You can also provide a fnmatch and Path.rglob compatible expression (e.g. "*.czi") to filter the files extension using extension_filter.

Parameters:

Name Type Description Default
pred_config InferenceModel

Pydantic model for CAREamics prediction configuration.

required
pred_data Path or str or ndarray

Prediction data, can be a path to a folder, a file or a numpy array.

required
read_source_func Callable

Function to read custom types, by default None.

None
extension_filter str

Filter to filter file extensions for custom types, by default "".

''
dataloader_params dict

Dataloader parameters, by default {}.

None

predict_dataloader()

Create a dataloader for prediction.

Returns:

Type Description
DataLoader

Prediction dataloader.

prepare_data()

Hook used to prepare the data before calling setup.

setup(stage=None)

Hook called at the beginning of predict.

Parameters:

Name Type Description Default
stage Optional[str]

Stage, by default None.

None

PredictionStoppedException

Bases: Exception

Exception raised when prediction is stopped by external signal.

ProgressBarCallback

Bases: TQDMProgressBar

Progress bar for training and validation steps.

get_metrics(trainer, pl_module)

Override this to customize the metrics displayed in the progress bar.

Parameters:

Name Type Description Default
trainer Trainer

The trainer object.

required
pl_module LightningModule

The LightningModule object, unused.

required

Returns:

Type Description
dict

A dictionary with the metrics to display in the progress bar.

init_test_tqdm()

Override this to customize the tqdm bar for testing.

Returns:

Type Description
tqdm

A tqdm bar.

init_train_tqdm()

Override this to customize the tqdm bar for training.

Returns:

Type Description
tqdm

A tqdm bar.

init_validation_tqdm()

Override this to customize the tqdm bar for validation.

Returns:

Type Description
tqdm

A tqdm bar.

StopPredictionCallback

Bases: Callback

PyTorch Lightning callback to stop prediction based on external condition.

This callback monitors a user-provided stop condition at the start of each prediction batch. When the condition is met, the callback stops the trainer and raises PredictionStoppedException to interrupt the prediction loop.

Parameters:

Name Type Description Default
stop_condition Callable[[], bool]

A callable that returns True when prediction should stop. The callable is invoked at the start of each prediction batch.

required

on_predict_batch_start(trainer, pl_module, batch, batch_idx, dataloader_idx=0)

Check stop condition at the start of each prediction batch.

Parameters:

Name Type Description Default
trainer Trainer

PyTorch Lightning trainer instance.

required
pl_module LightningModule

Lightning module being used for prediction.

required
batch Any

Current batch of data.

required
batch_idx int

Index of the current batch.

required
dataloader_idx int

Index of the dataloader, by default 0.

0

Raises:

Type Description
PredictionStoppedException

If stop_condition() returns True.

TrainDataModule

Bases: LightningDataModule

CAREamics Ligthning training and validation data module.

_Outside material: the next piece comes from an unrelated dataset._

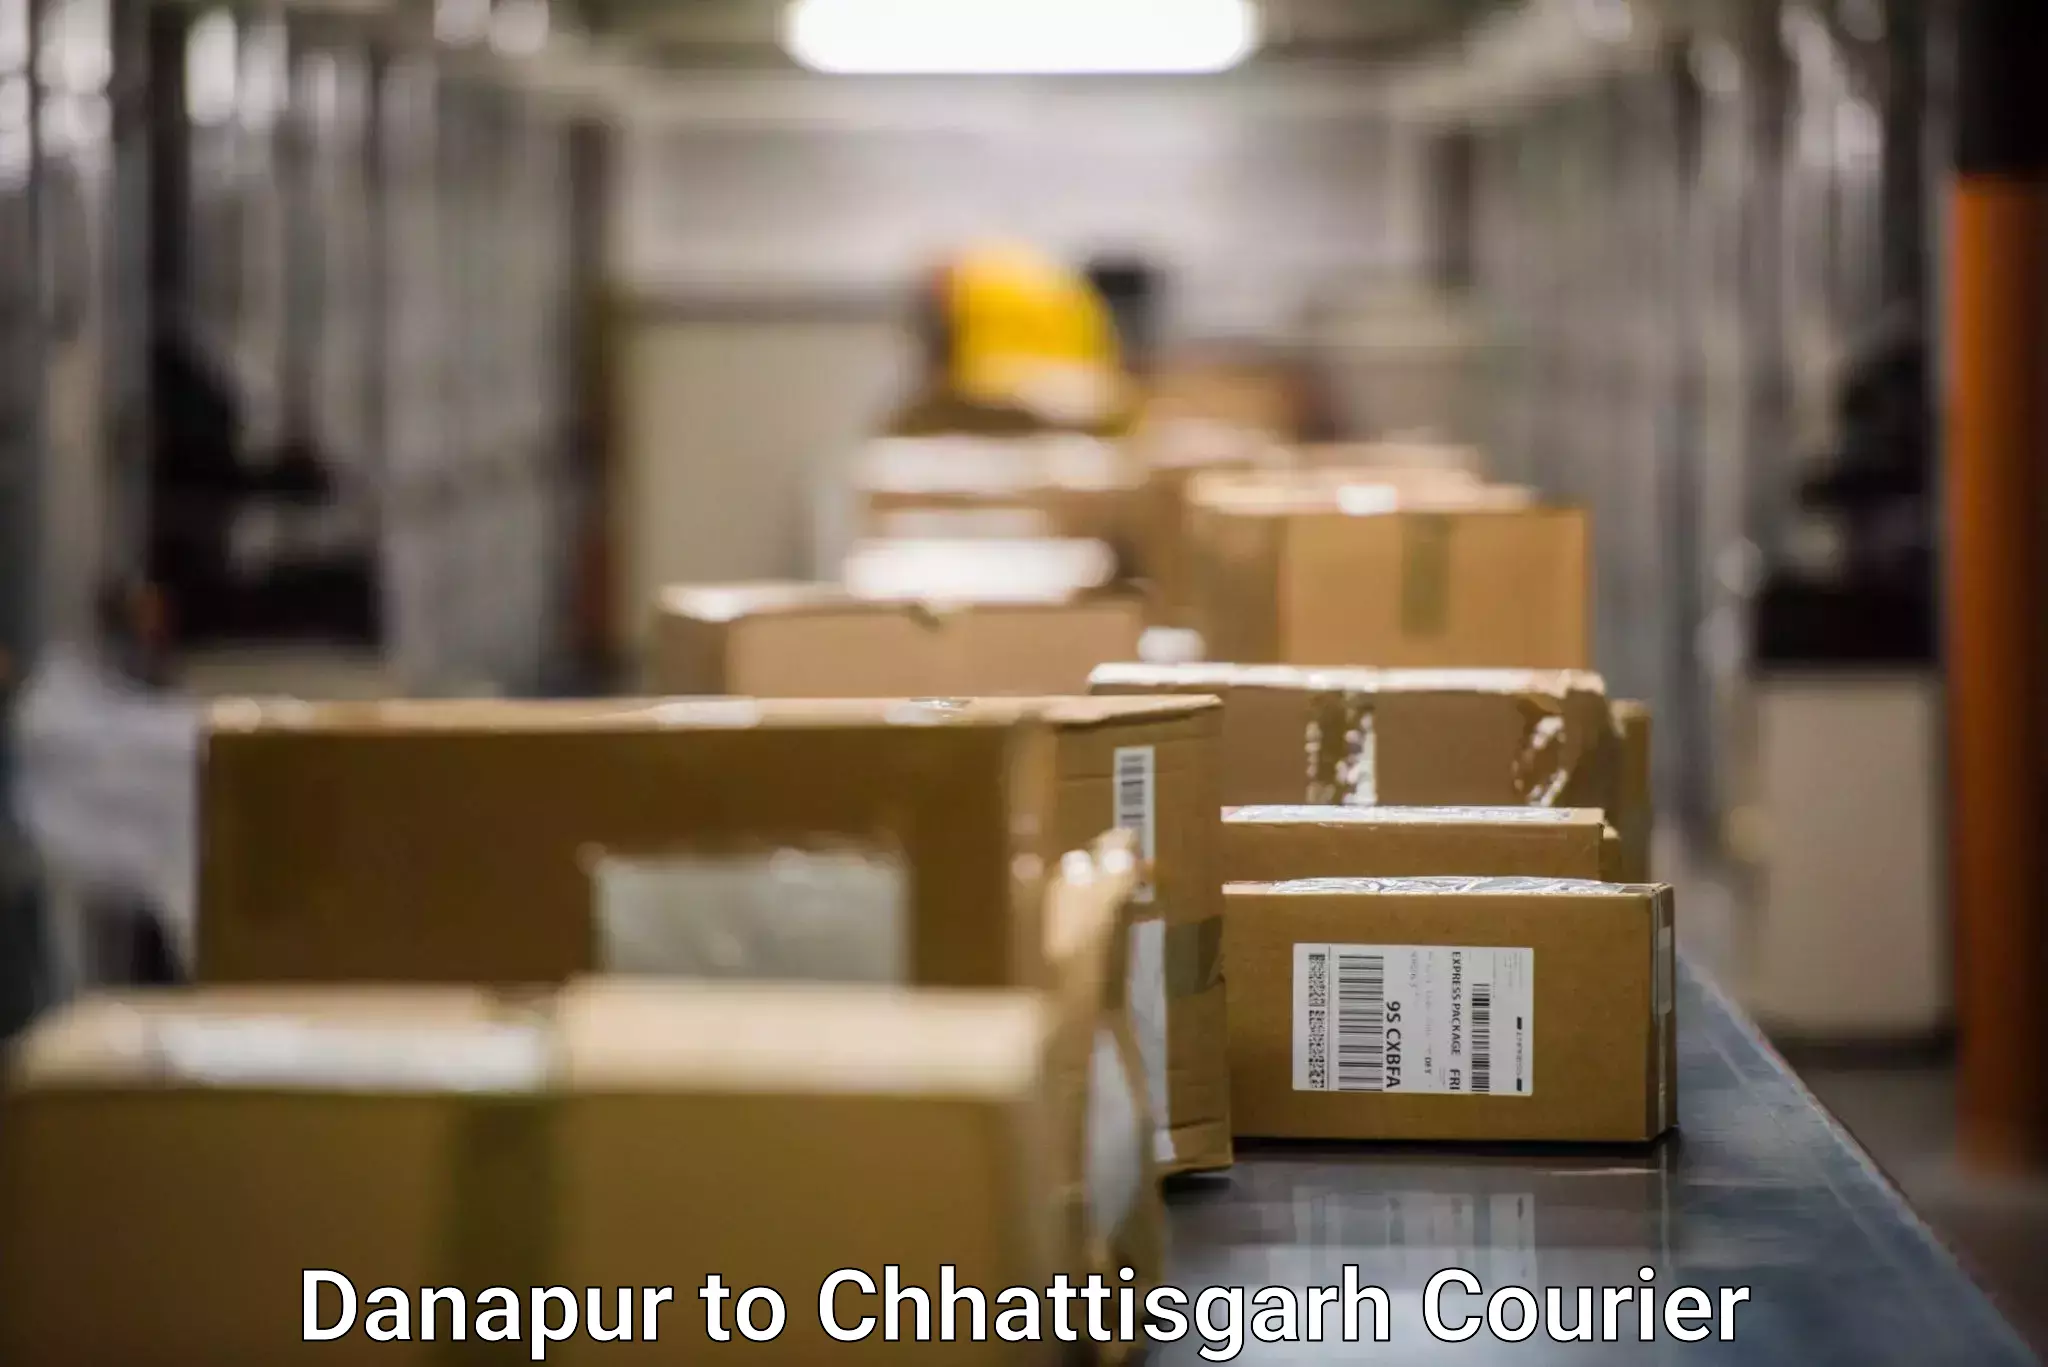 Multi-national courier services Danapur to Chhattisgarh

The data module can be used with Path, str or numpy arrays. In the case of numpy arrays, it loads and computes all the patches in memory. For Path and str inputs, it calculates the total file size and estimate whether it can fit in memory. If it does not, it iterates through the files. This behaviour can be deactivated by setting use_in_memory to False, in which case it will always use the iterating dataset to train on a Path or str.

The data can be either a folder containing images or a single file.

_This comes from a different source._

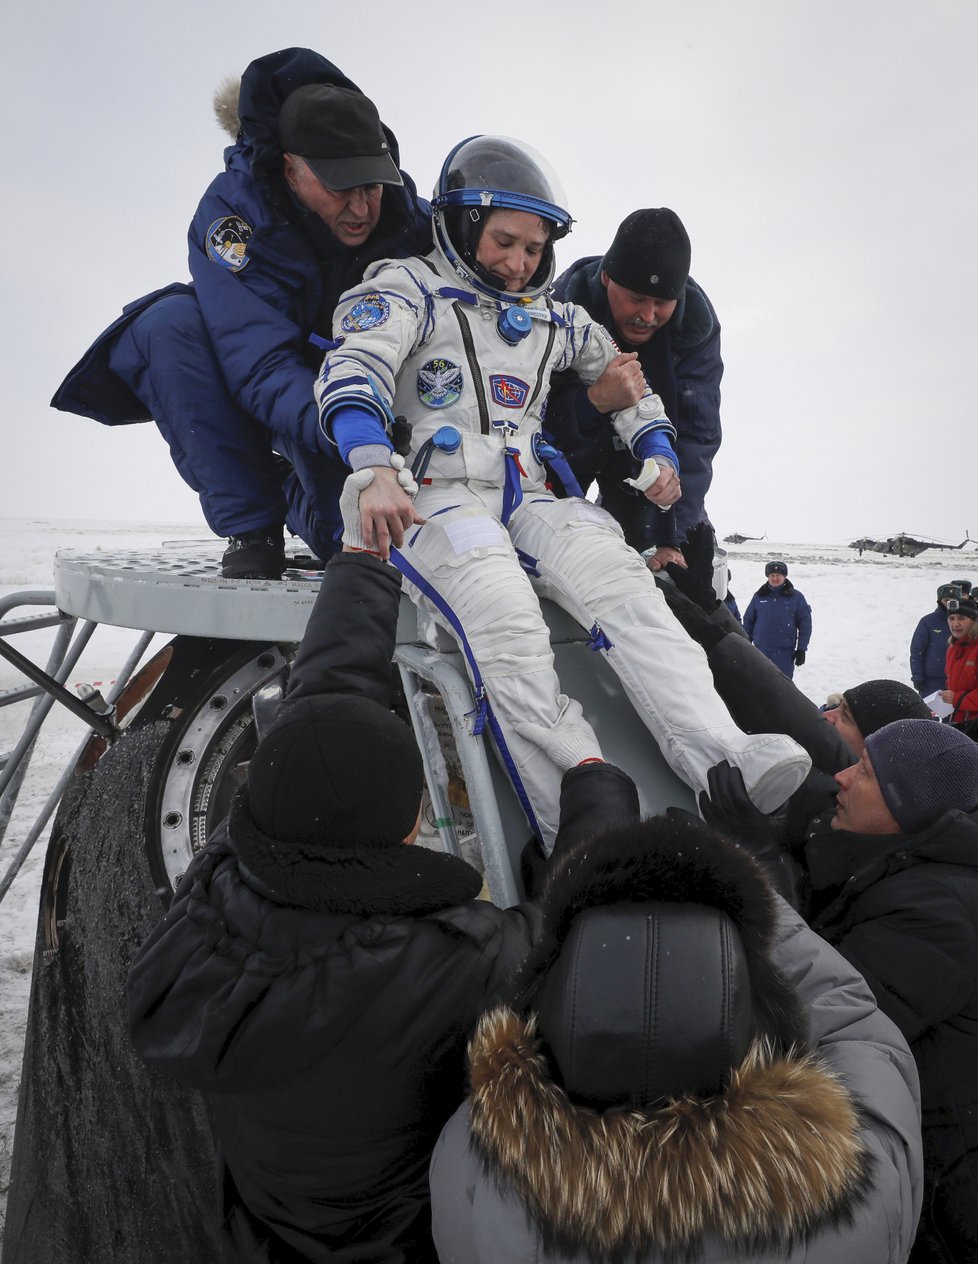 Kosmonauti ze vrátili z Mezinárodní vesmírné stanice zpět na Zemi

Validation can be omitted, in which case the validation data is extracted from the training data. The percentage of the training data to use for validation, as well as the minimum number of patches or files to split from the training data can be set using val_percentage and val_minimum_split, respectively.

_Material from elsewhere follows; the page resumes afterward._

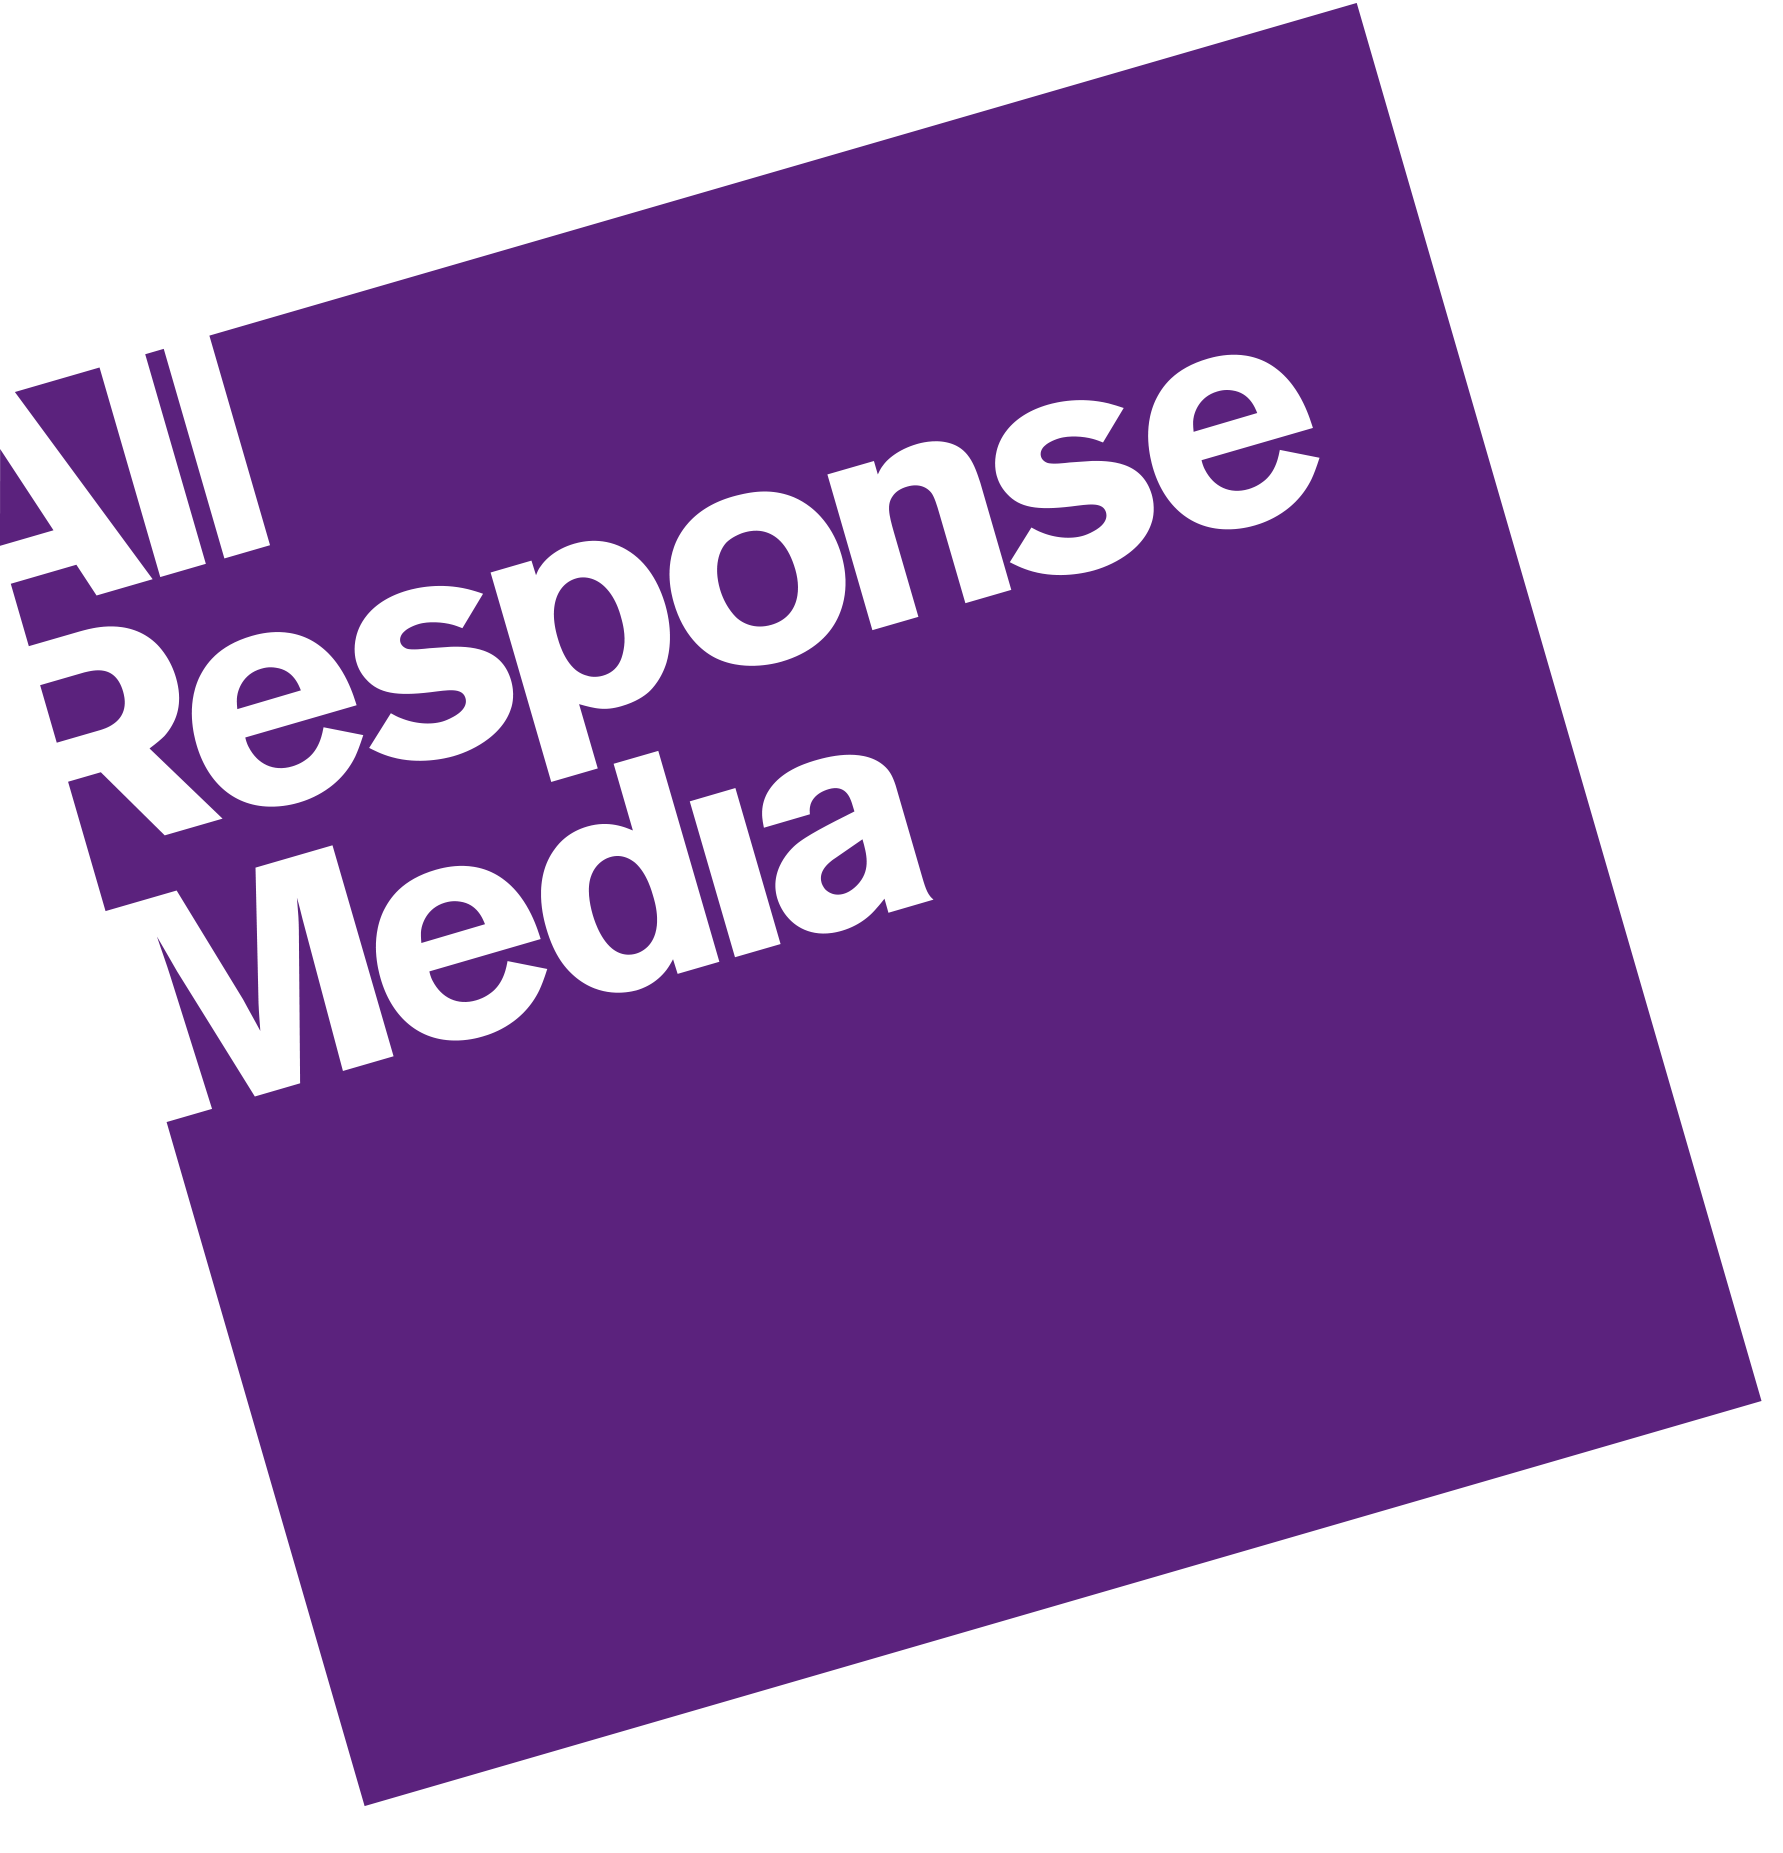 All Response Media Ltd

To read custom data types, you can set data_type to custom in data_config and provide a function that returns a numpy array from a path as read_source_func parameter. The function will receive a Path object and an axies string as arguments, the axes being derived from the data_config.

You can also provide a fnmatch and Path.rglob compatible expression (e.g. "*.czi") to filter the files extension using extension_filter.

Parameters:

Name Type Description Default
data_config DataModel

Pydantic model for CAREamics data configuration.

required
train_data Path or str or ndarray

Training data, can be a path to a folder, a file or a numpy array.

required
val_data Path or str or ndarray

Validation data, can be a path to a folder, a file or a numpy array, by default None.

None
train_data_target Path or str or ndarray

Training target data, can be a path to a folder, a file or a numpy array, by default None.

None
val_data_target Path or str or ndarray

Validation target data, can be a path to a folder, a file or a numpy array, by default None.

None
read_source_func Callable

Function to read the source data, by default None. Only used for custom data type (see DataModel).

None
extension_filter str

Filter for file extensions, by default "". Only used for custom data types (see DataModel).

''
val_percentage float

Percentage of the training data to use for validation, by default 0.1. Only used if val_data is None.

0.1
val_minimum_split int

Minimum number of patches or files to split from the training data for validation, by default 5. Only used if val_data is None.

5
use_in_memory bool

Use in memory dataset if possible, by default True.

True

Attributes:

Name Type Description
data_config DataModel

CAREamics data configuration.

data_type SupportedData

Expected data type, one of "tiff", "array" or "custom".

batch_size int

Batch size.

use_in_memory bool

Whether to use in memory dataset if possible.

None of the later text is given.